Could you please output all of the data exactly, without the images?

__Input data__
■ ■ ■ ■ ■

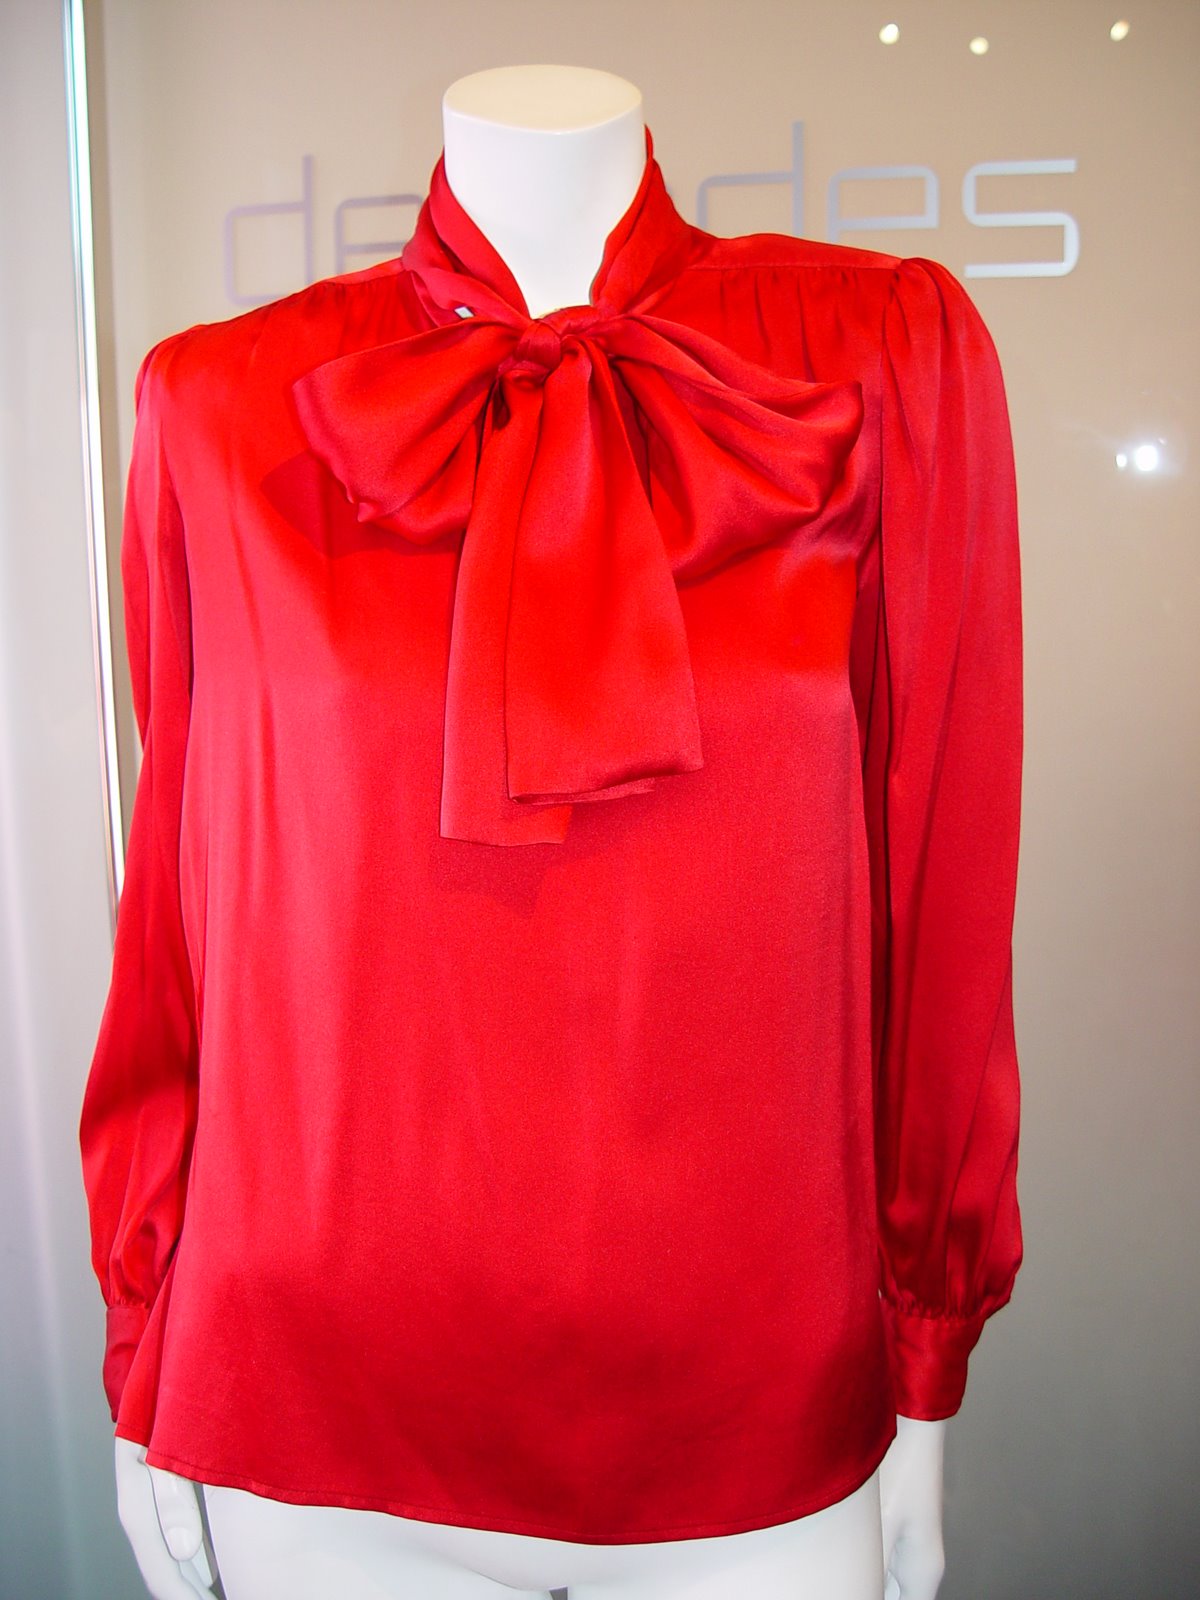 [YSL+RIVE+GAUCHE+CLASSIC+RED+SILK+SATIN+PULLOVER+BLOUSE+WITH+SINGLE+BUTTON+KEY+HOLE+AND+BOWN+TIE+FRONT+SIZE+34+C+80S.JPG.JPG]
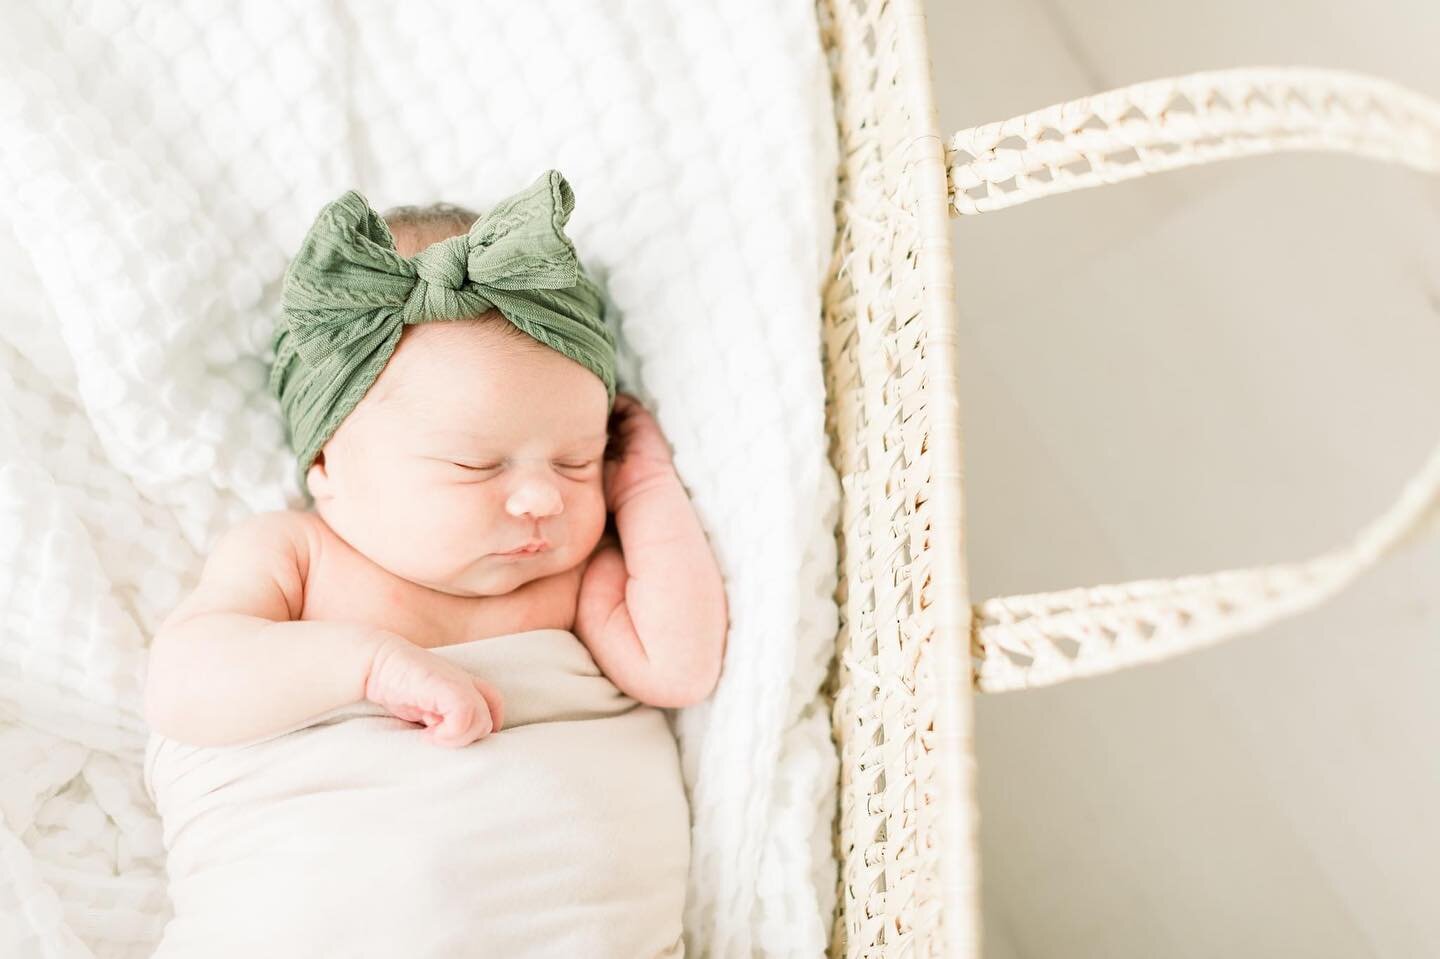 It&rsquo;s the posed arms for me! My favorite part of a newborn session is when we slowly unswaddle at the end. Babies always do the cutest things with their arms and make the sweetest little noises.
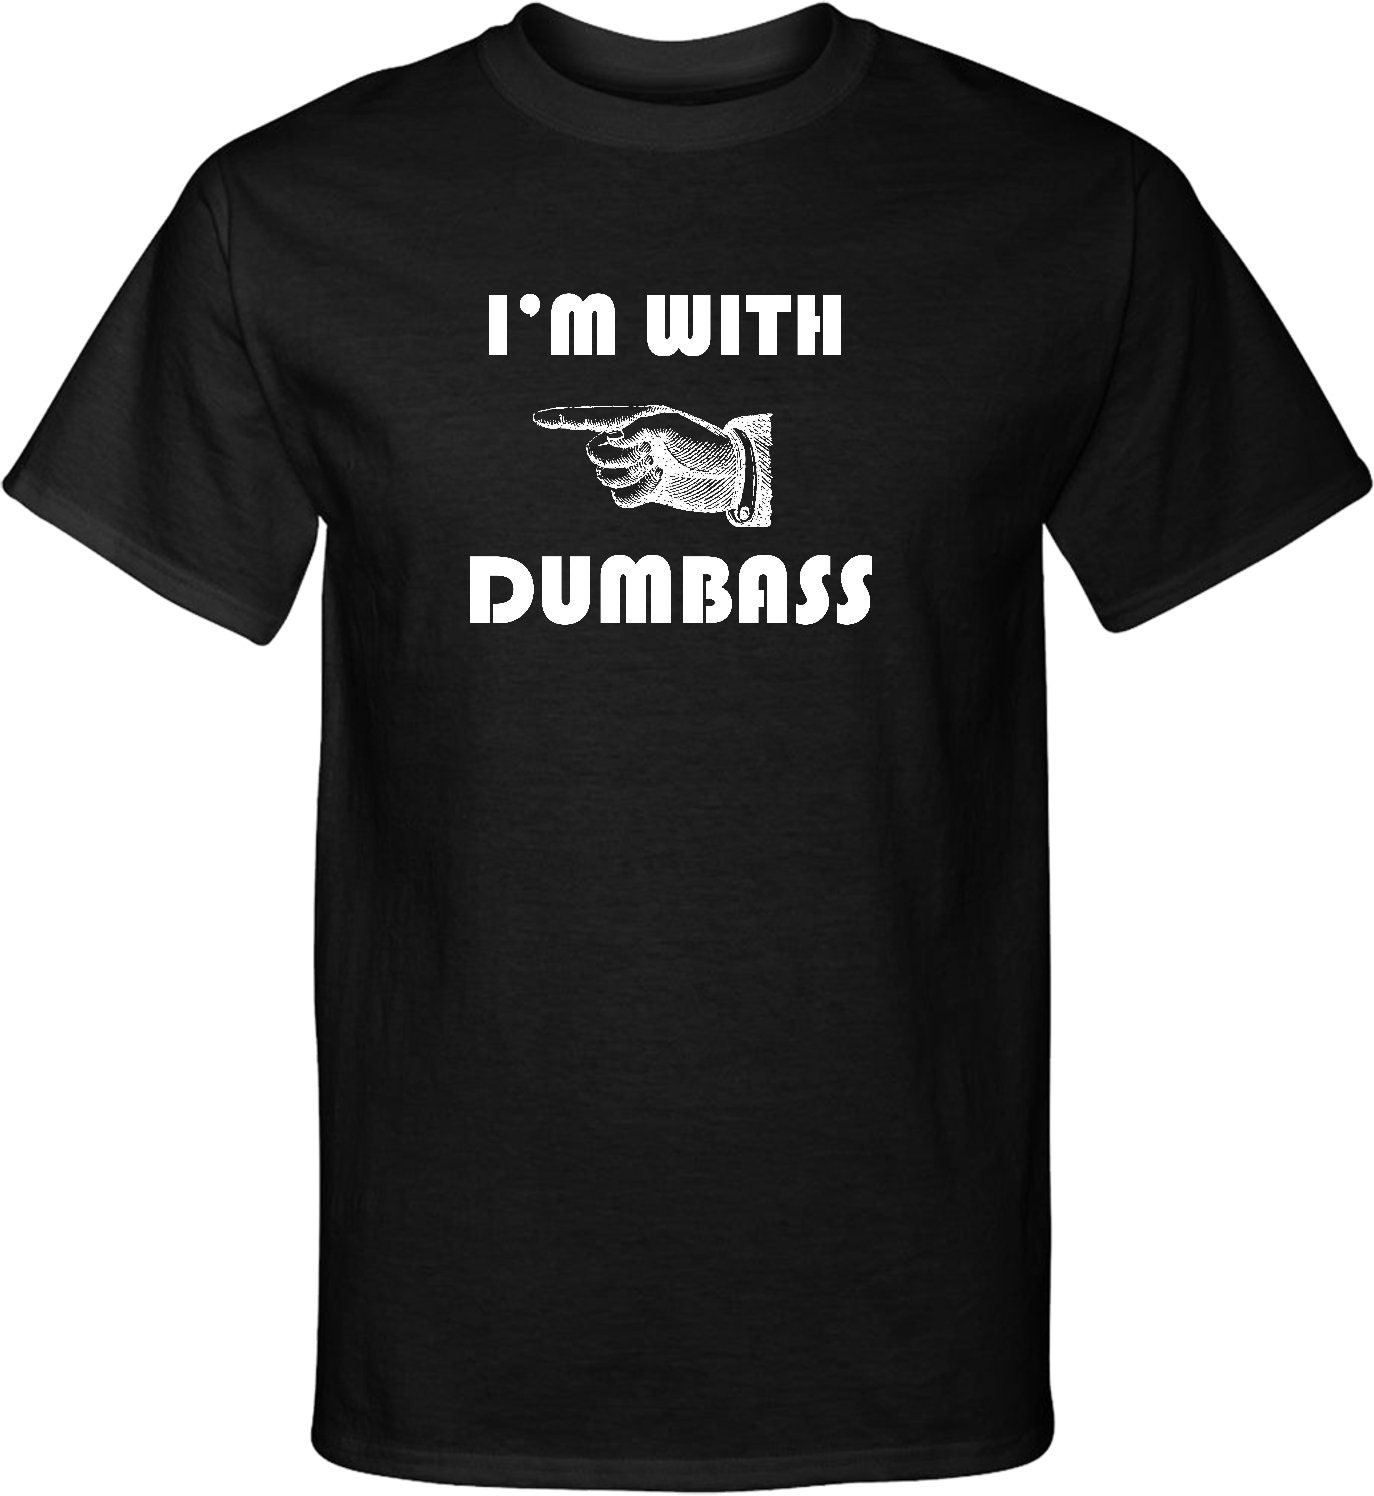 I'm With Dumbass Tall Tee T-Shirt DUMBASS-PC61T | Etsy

■ ■ ■ ■ ■

__Written answer__
 [YSL+RIVE+GAUCHE+CLASSIC+RED+SILK+SATIN+PULLOVER+BLOUSE+WITH+SINGLE+BUTTON+KEY+HOLE+AND+BOWN+TIE+FRONT+SIZE+34+C+80S.JPG.JPG]
 It&rsquo;s the posed arms for me! My favorite part of a newborn session is when we slowly unswaddle at the end. Babies always do the cutest things with their arms and make the sweetest little noises.
 I'm With Dumbass Tall Tee T-Shirt DUMBASS-PC61T | Etsy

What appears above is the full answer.